Similarly, on-road vehicle operation has never been subject to OSHA regulation, but this proposed standard would do so in regard to emergency response vehicles. “Depending on how OSHA applies the standard, it even goes as far as to the personal vehicles operated by volunteer fire fighters or emergency medical responders who use their own vehicles to respond to emergencies,” Surma contends.
Another area of potential overreach deals with regulating emergency responders’ mental and physical health status, which can be especially problematic when it comes to volunteer firefighters.
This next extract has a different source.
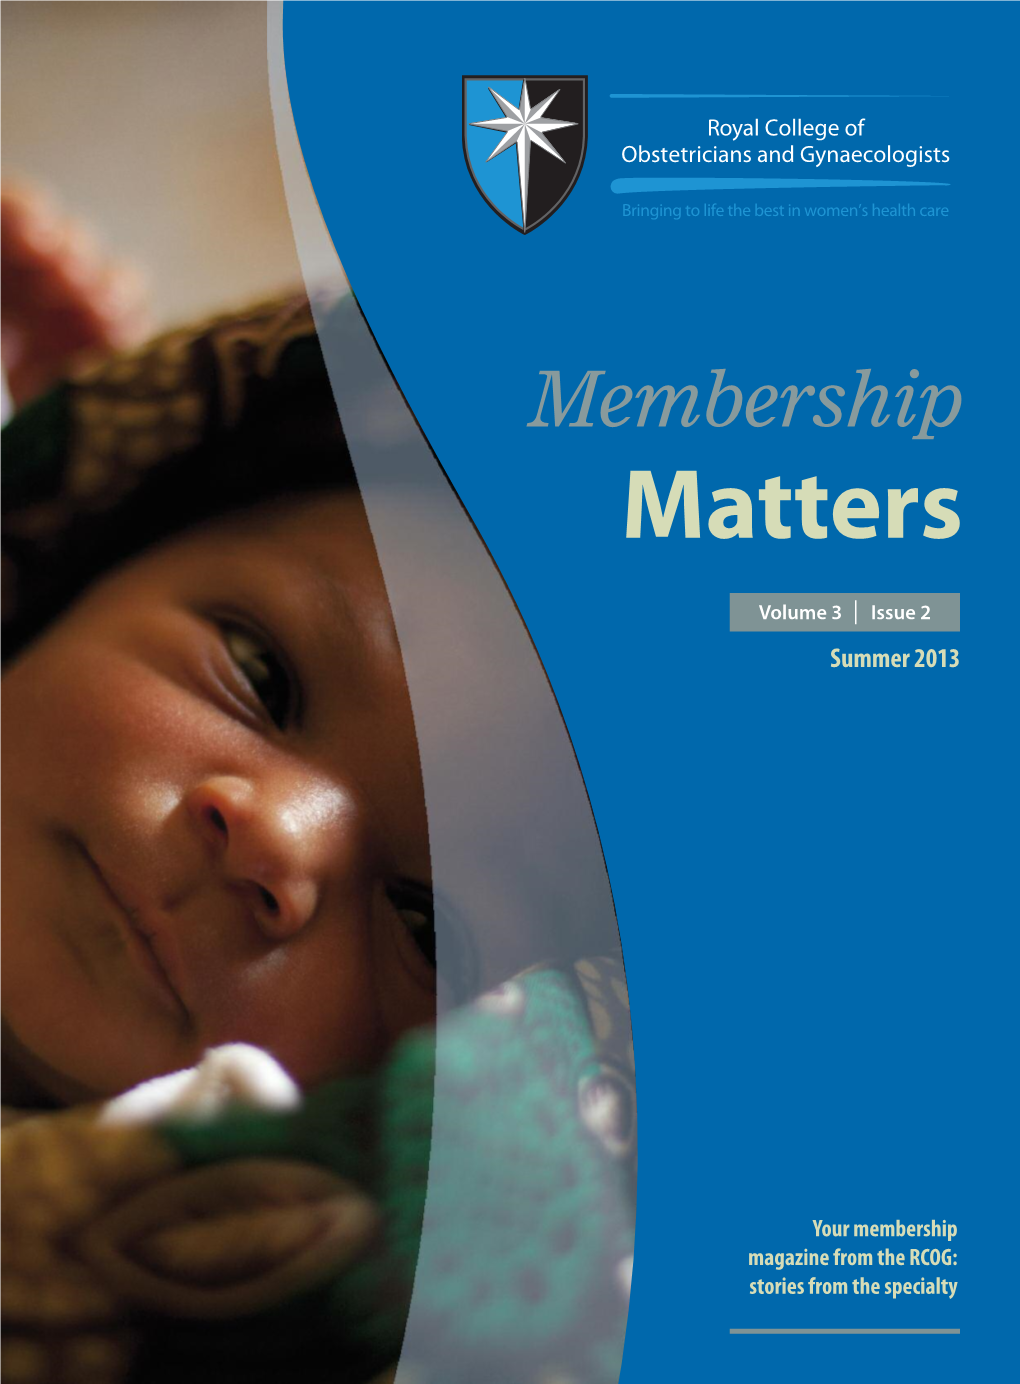 Membership Matters, Volume 3 Issue 2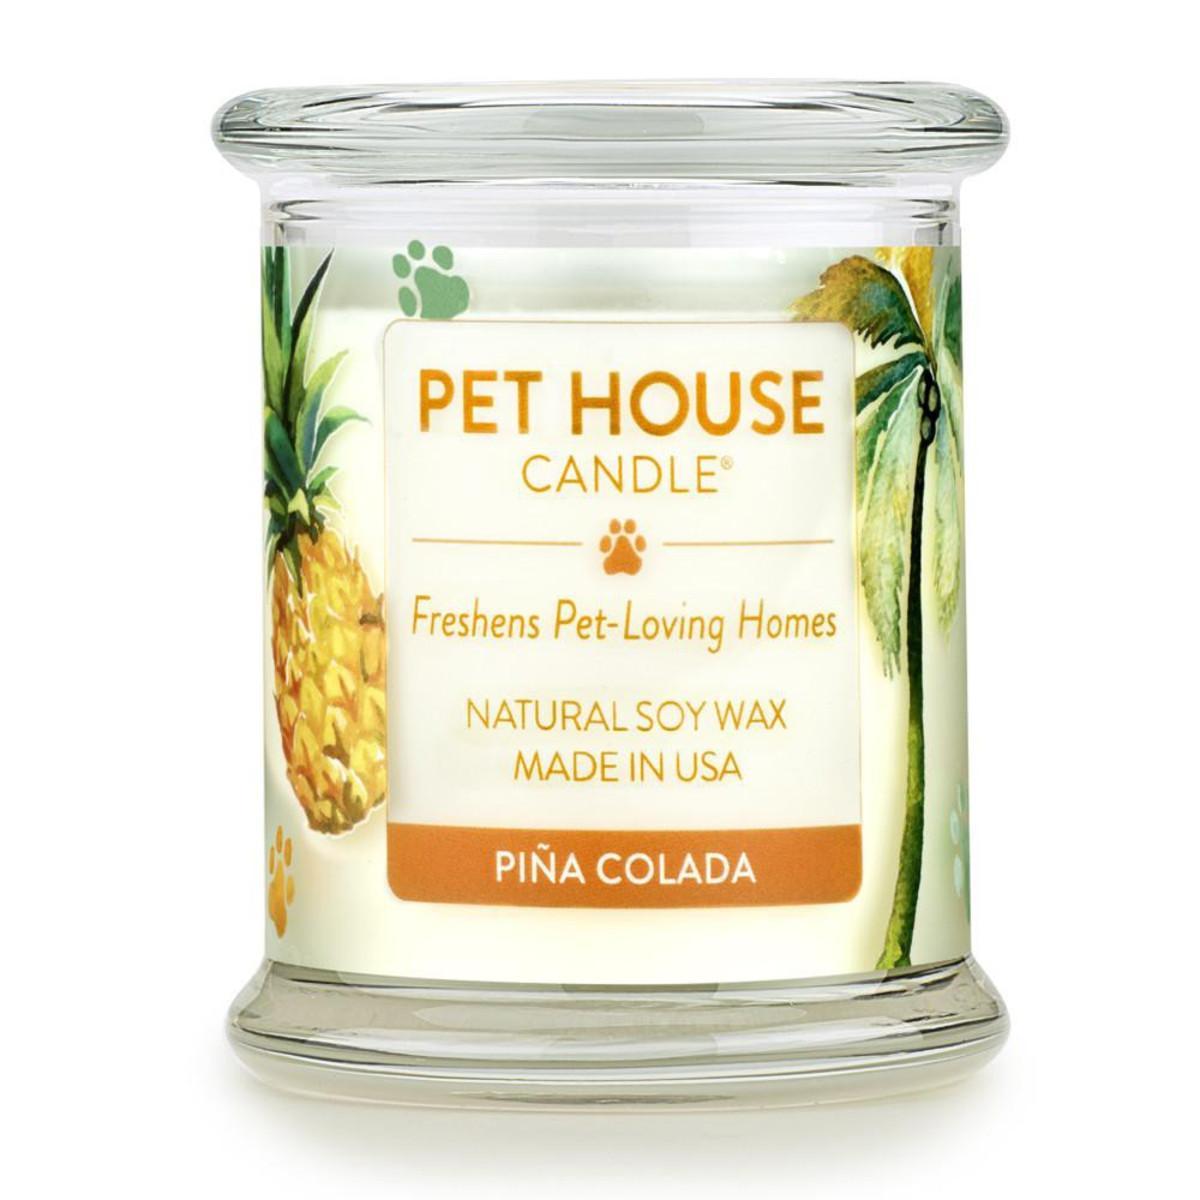 Pet House Pina Colada Candle

“Nearly 80% of paramedics self-reported being overweight or obese, according to a 2015 study cited by OSHA in the proposed rule, and for many years there have been shortages of emergency medical service employees, yet the proposed standard calls for the creation of minimum medical requirements commensurate with the requirements of the position, ongoing medical evaluations, and fitness programs,” Surma says.
In addition, there are no exceptions for provider disability or age contained within the standard, he adds. “Moreover, mental health services would have to be provided (though they can be provided through community-based resources) to providers engaged in ‘potentially traumatic events.’”
Most of the providers of the sort of services covered by the proposed standard are private employers that augment services provided by public or quasi-public providers, which vastly expands the number and kind of workers who would be inevitably drawn under the regulation’s umbrella, Surma points out.
“While the proposed standard, if adopted, would require the creation of mutual aid agreements for a number of reasons, the efforts to negotiate those agreements will be influenced considerably by the fact that the public and quasi-public entities are not compelled to do so. Private entities providing services in the same communities may allow competition to serve as barriers to creating such agreements.”
The Jackson Lewis attorneys urge employers in the public and private sector who can expect to come under the jurisdiction of these standards to review their departmental practices, trainings, certifications and credentialing to ensure they are up to date with Federal Emergency Management Agency and NFPA requirements. This is best way to prepare due to the fact that “the proposed rule creates a plethora of novel plans and policies employers of emergency responders must have in place,” they stress.